Though Soweto and Sharpeville are merely incidental to the main
narrative and more a point of reference than an actual topic or
crux, it is part of the air that Burger breathes. It is a vivid
proof of the rottenness of the system and the necessity for
change. It also gives rise to the Black Consciousness movement
with its militant overtones. There is now a clear divide between
radical Whites and Black Consciousness' activists as explained by
one of its members.
"He does not live Black, what does he know what a Black man
needs? True, a white man may, like Lionel, go to jail to protest
against the treatment of Blacks but he goes for his ideas about
me.

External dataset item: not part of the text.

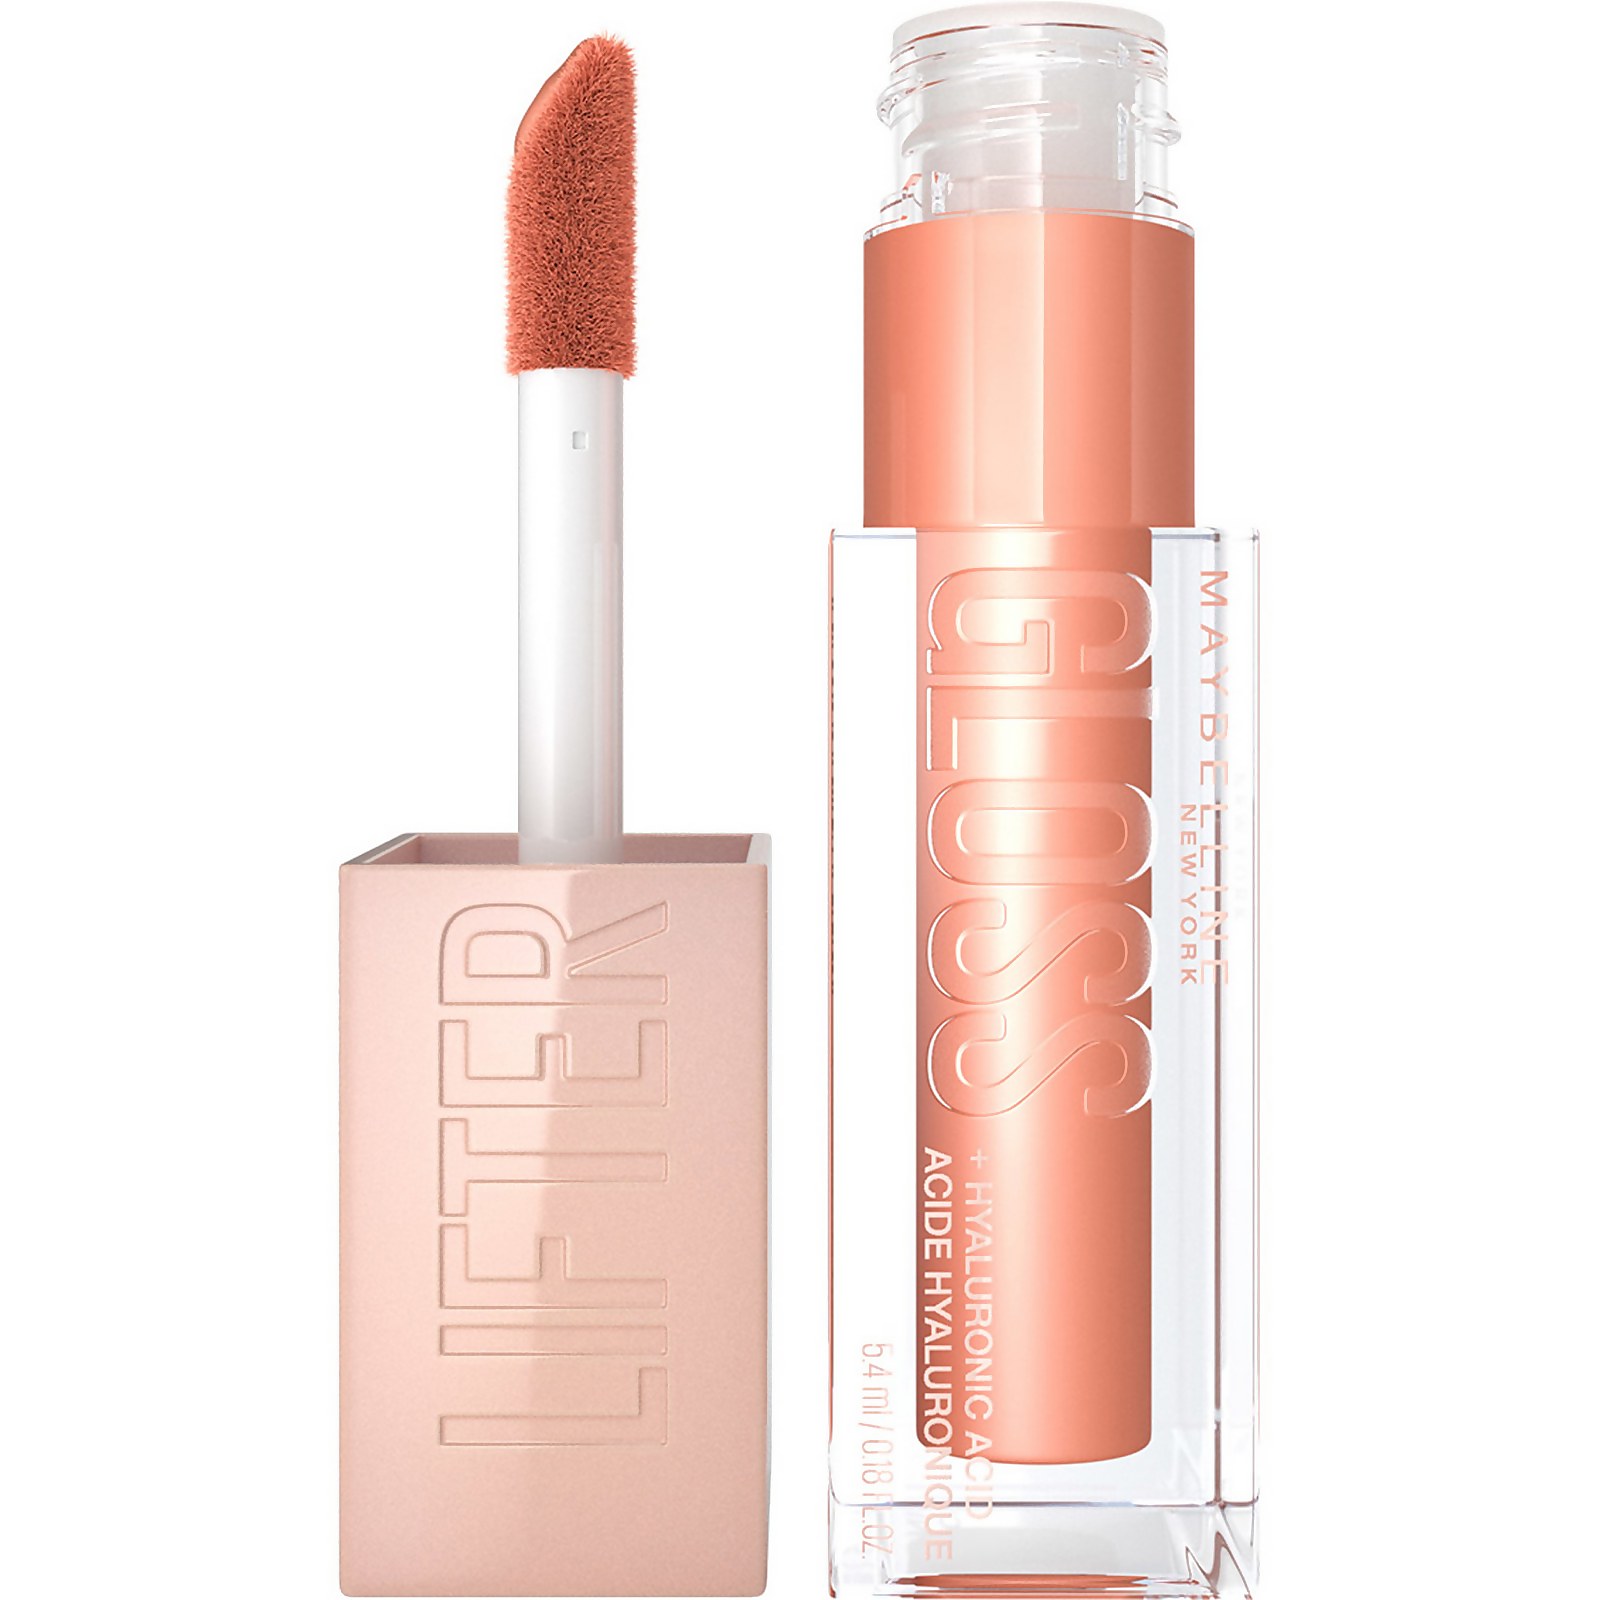 Image of Maybelline Lifter Gloss Hydrating Lip Gloss with Hyaluronic Acid 5g (Various Shades) - 007 Amber

I go for my ideas about myself ... To speak of common goals
is nonsense in a country where the white rule not as a 'ruling
class' but as a 'colour'. In fact, to fight for equality with
Whites is to accept the Marxist reading of class conflict and to
ignore the primary fact of South African society which is
colour." Class analyses that was discussed in the study sessions
are dismissed by Black radicals now.
"This and this should happen because of that and that. These
theories do not fit us. We are not interested. You have been
talking this shit before I was born."
The movement begins to splinter but the political message of
Soweto is brought home to Rosa by an incident that drives her out
of South Africa. During one day, on an unmapped road, she sees an
old Black man brutally beating the donkey pulling his cart.
As she watches, frozen in the seat of her car, she sees that "the
infliction of pain (has) broken away from the will that creates
it... torture without the torturer, rampage, pure cruelty gone
beyond control of the humans who have spent thousands of years
devising it". and this spectacle of pain and the infinite
pointless suffering calls to her mind "the camps, concentration,
labour, resettlement, the Siberias of sun or snow, (the lives of
South African revolutionaries) gull-picked on the island, Lionel
propped wasting to his skull between two warders," and so on. But
though Rosa sees the horror of this punishment inflicted on this
dumb beast there is noting she can do about it.
So she goes away to a comfortable European setting to live among
persons for whom politics is an occasional topic of conversation
rather than a matter of life and death. The contrast between a
turbulent South Africa and a laid-back France is stark. Nothing
really matters in the abundance of affluence. She comes across
Parisian hippies "drinking wine in the clothes of guerillas
surviving in the bush on a cup of water". The effects of the
juxtaposition between South Africa and France and the sheer
hypocrisy of it all, was to send her back home.
Rosa again becomes "Burger's daughter" at the end of the novel,
accepting her family identity and linking up with her father's
tradition. She does not become politically re-engaged in exactly
the same terms as her father - for her the fact of suffering is
paramount rather than any question of ideology:
I don't know the ideology.
It's about suffering.
How to end suffering.
Pure and simple, Marxist humanism.
Burger's Daughter is a collage of many stories that cuts across
temporal, geographical, political and ideological spaces. In the
final analysis it is about ideas because as Gordimer said in an
interview "human beings must live in the world of ideas. The
dimension of the human psyche is very important". Perhaps,
Gordimer's epigraph from Claude Levi-Strauss sums it all up: "I
am the place in which something has occurred."